I have a list of tokens and need to find them in a text. I'm using pandas
to store my text. However, I noticed that sometimes the tokens I am looking for are misspelled and thus I am thinking about adding the Levenshtein distance to pick those misspelled tokens. At the moment, I implemented a very simple approach:
df_texts['Text'].str.findall('|'.join(list_of_tokens))
That works perfectly find. My question is how to add edit_distance
to account for misspelled tokens? NLTK
packages offers a nice function to compute edit distance:
from nltk.metrics import edit_distance
>> edit_distance('trazodone', 'trazadon')
>> 2
In the above example, trazodone
is the correct token, while trazadon
is misspelled one and should be retrieved from my text.

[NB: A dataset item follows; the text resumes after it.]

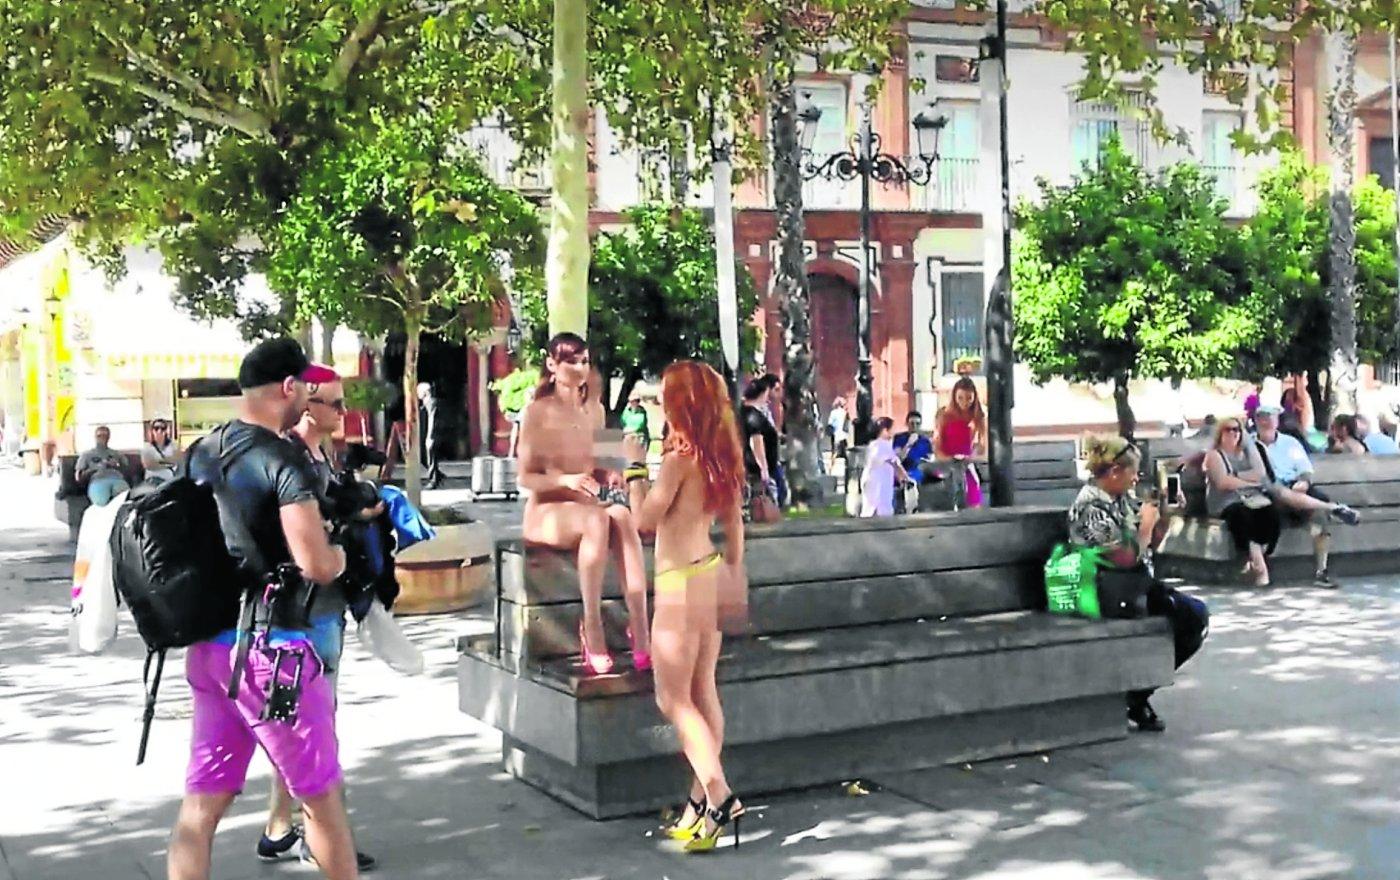 Actrices Porno En Madrid En Plena Calle el porno salta a la calle   el diario vasco

In theory, I can check every single word in my texts and measure the edit distance to decided on whether they are similar or not, but it would be very inefficient. Any pythonian ideas?
I would start by using a "spell check" function to get a list of all words in the corpus which are not spelled correctly. This will cut down the data set massively. Then you can brute-force the misspelled words using edit_distance
against all the search tokens whose length is similar enough (say, within one or two characters of the same length).
You can pre-compute a dict of the search tokens keyed by their length, so when you find a misspelled word like "portible" you can check its edit distance from all your search tokens having 7, 8, or 9 characters.